Sib had to follow through. She’d put everything into motion and whatever they could do to Otieno now paled in comparison to what they would put her through later. Everything they’d recorded was on its way to Republic space and would hit the first beacons in two days.

The Sith knew the Republic would know, so that put a twist in things, but they’d have seen her escape no matter what and put the two together. There was no way to prevent that. What mattered was that the Sith had lost their chance at a true surprise attack. The Sith’s warning to Otieno hadn’t amounted to much, and now the Republic would have some knowledge of their resources.

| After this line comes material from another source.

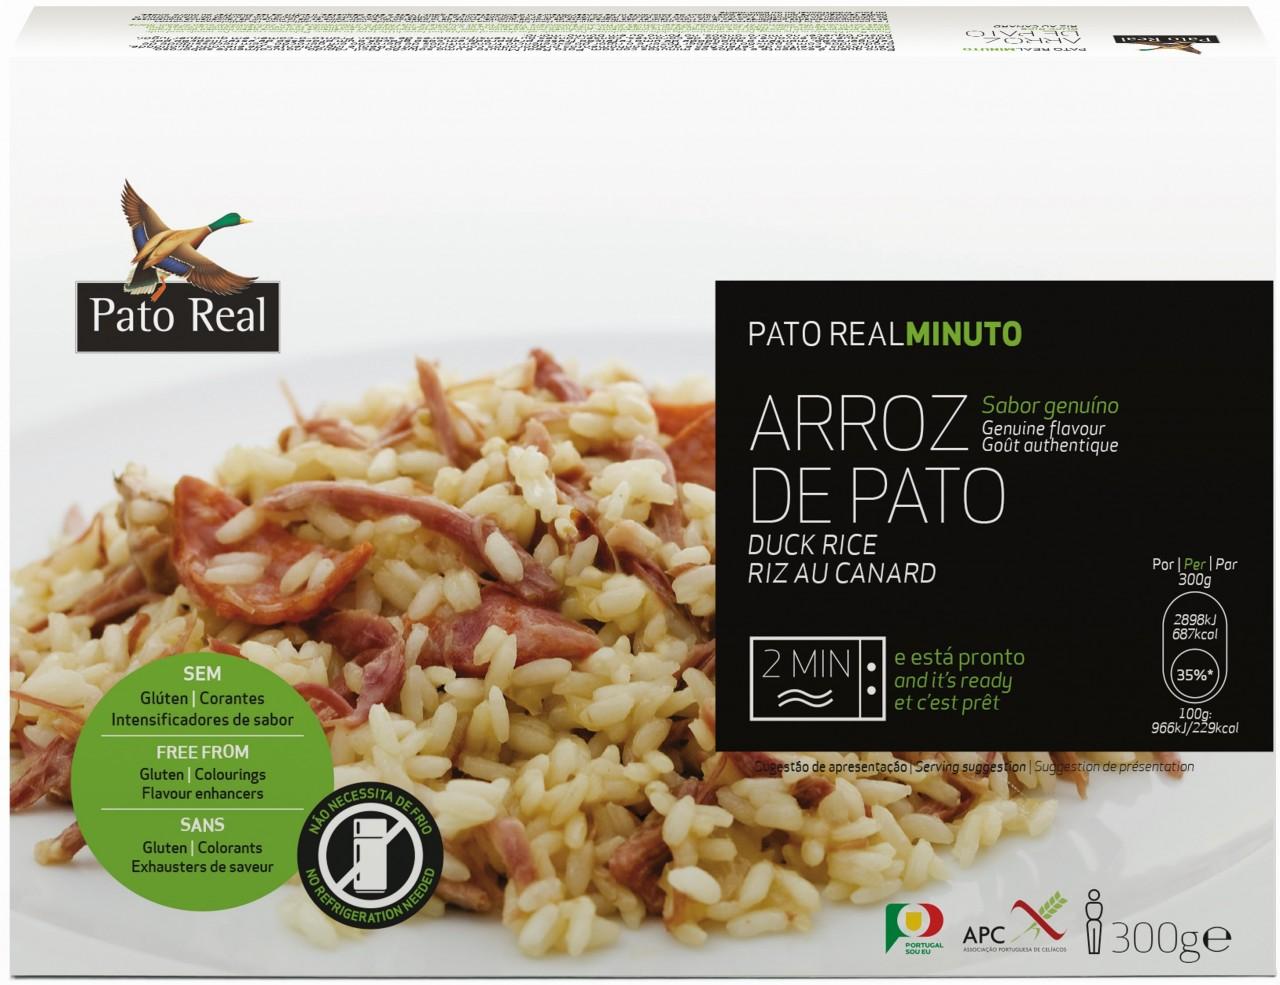 Reisgericht mit Entenfleisch - Arroz de Pato 300gr. Pato Real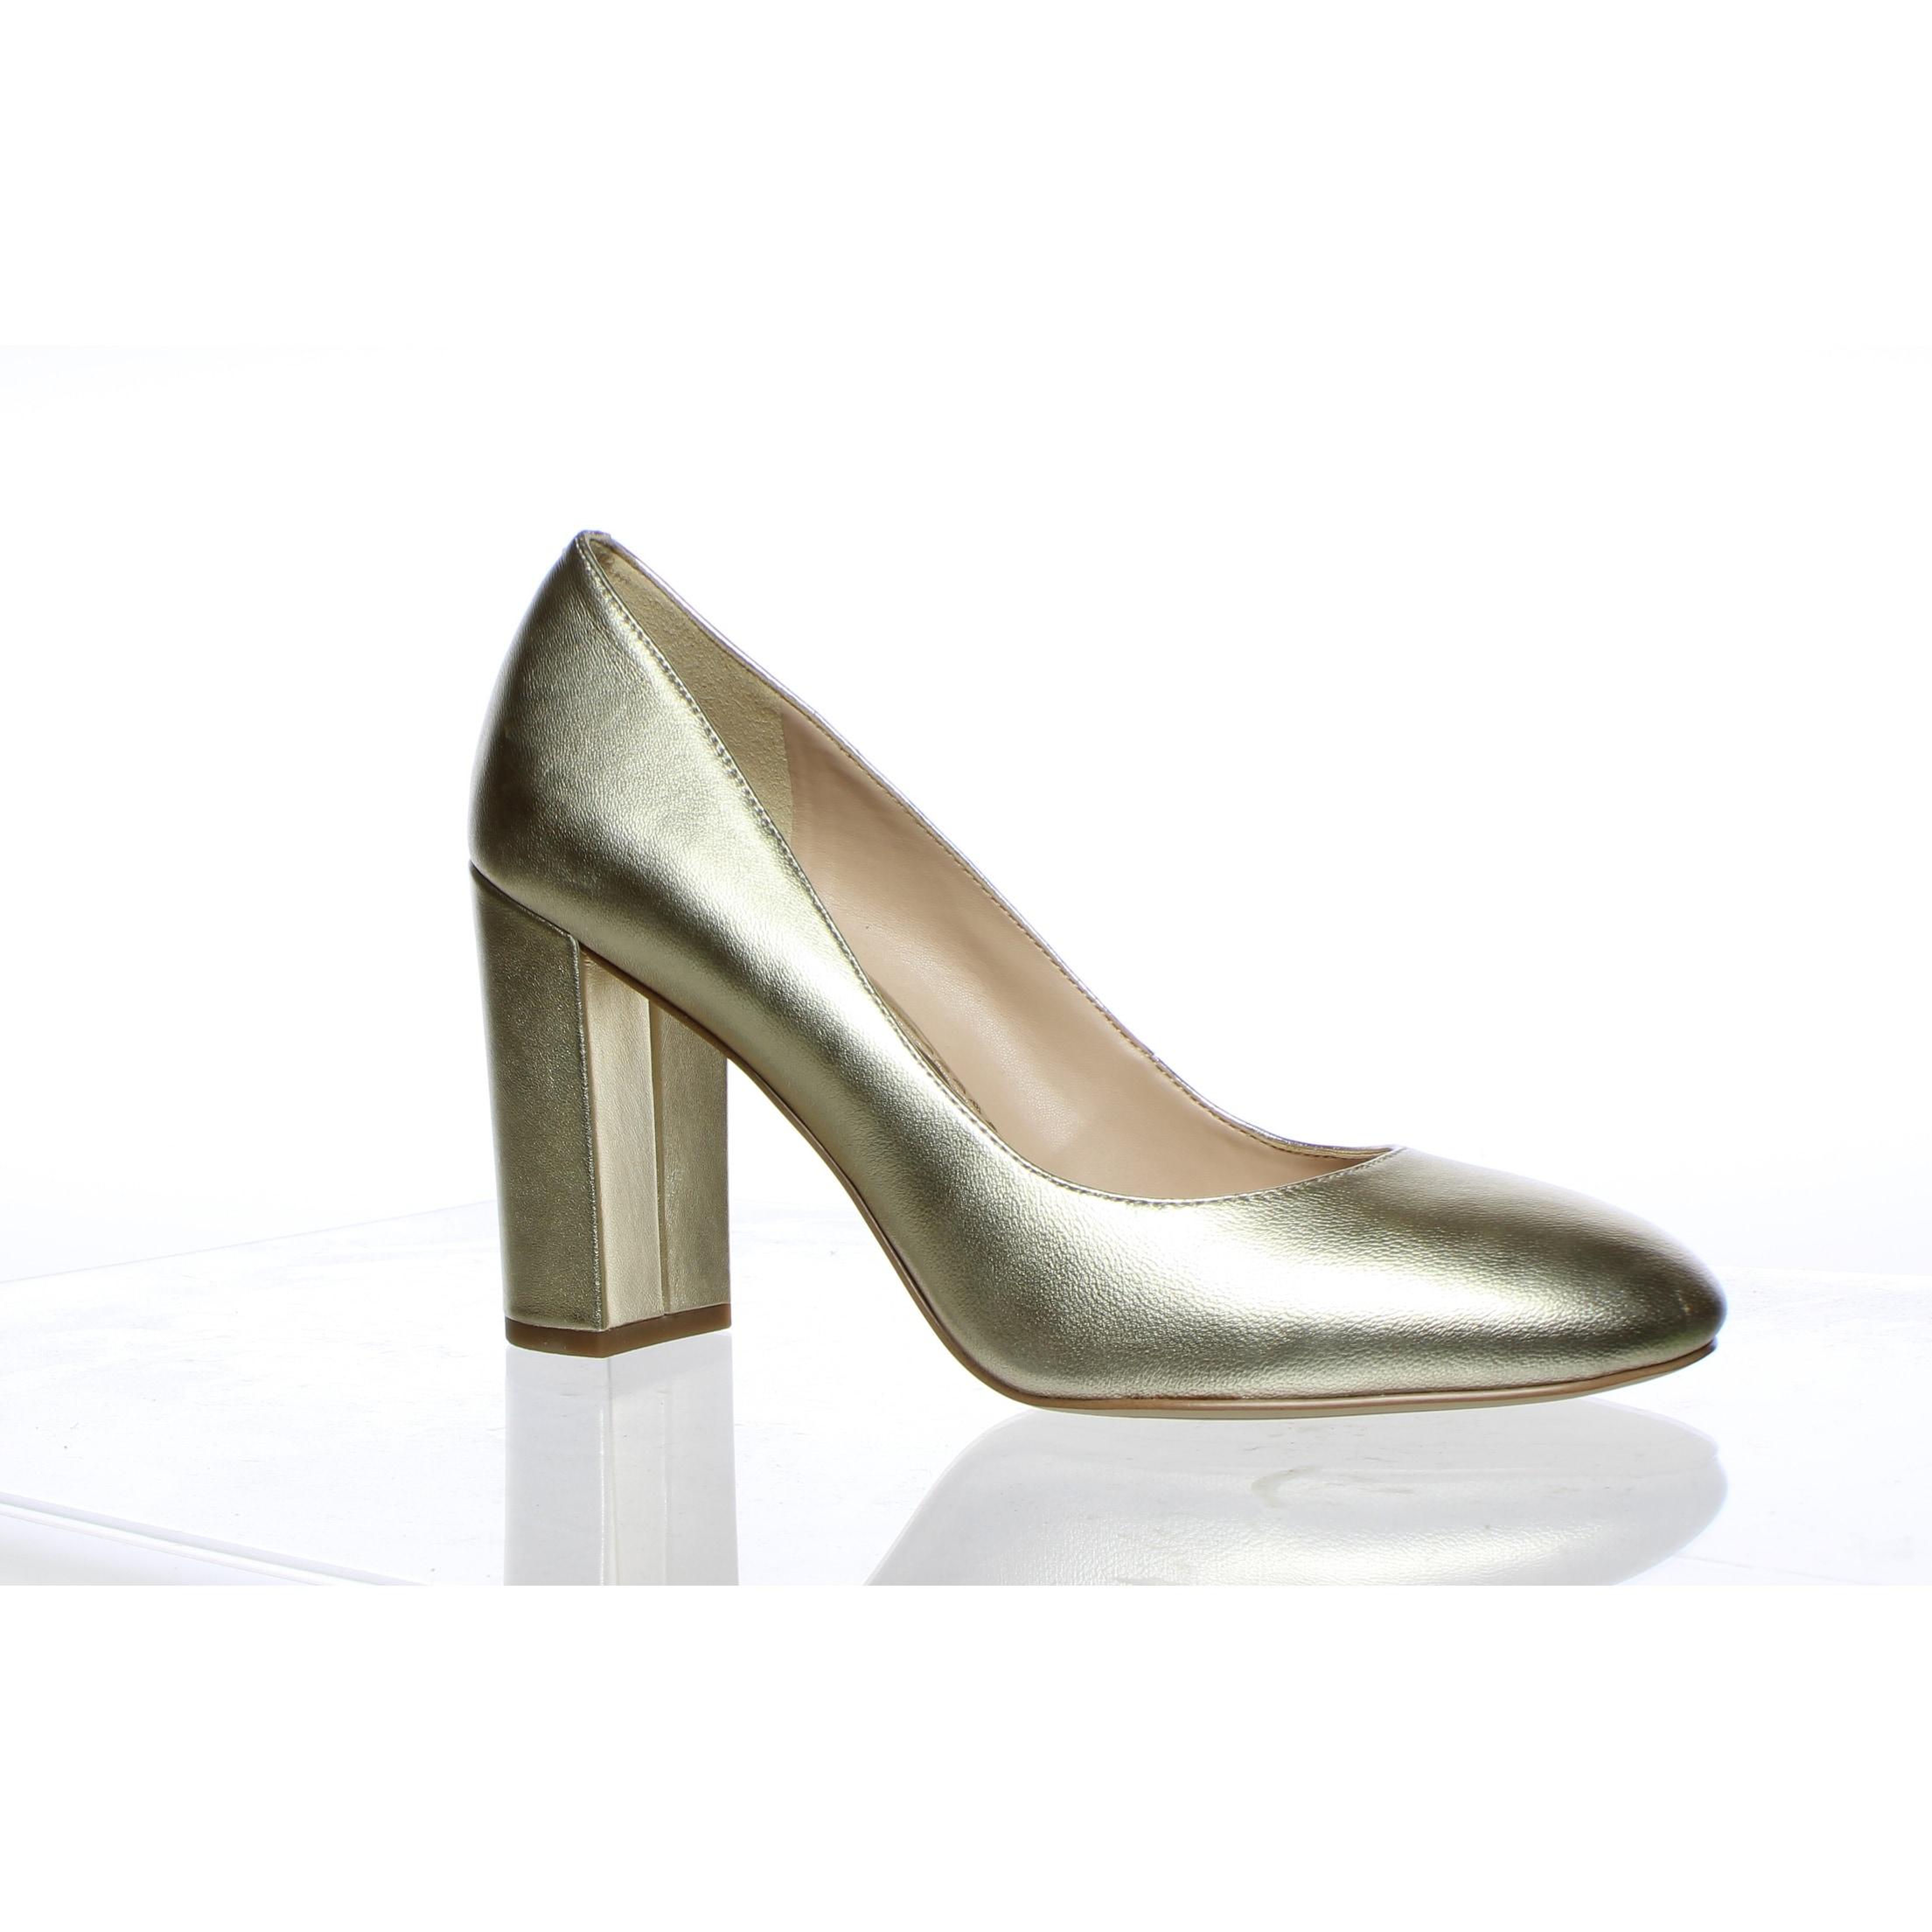 34056ebd038c Buy Sam Edelman Women s Heels Online at Overstock

Sib ascertained her hood was snug and the backpack with a few important items from their ship wouldn’t bang around before she continued on towards the engine. Her plan had four major steps: get their ship unlocked, disengage the tractor beams, rescue Otieno, and open he hangar doors. She’d already removed the lock from their ship engines, the easiest part, and she felt confident in the broad steps, even if there were some fuzzy bits in-between them. “Rescuing Otieno” might come hot off the heels of “disengaging the tractor beams” if she couldn’t stealth the tractor beams off. Their escape would be a wild one, no matter what.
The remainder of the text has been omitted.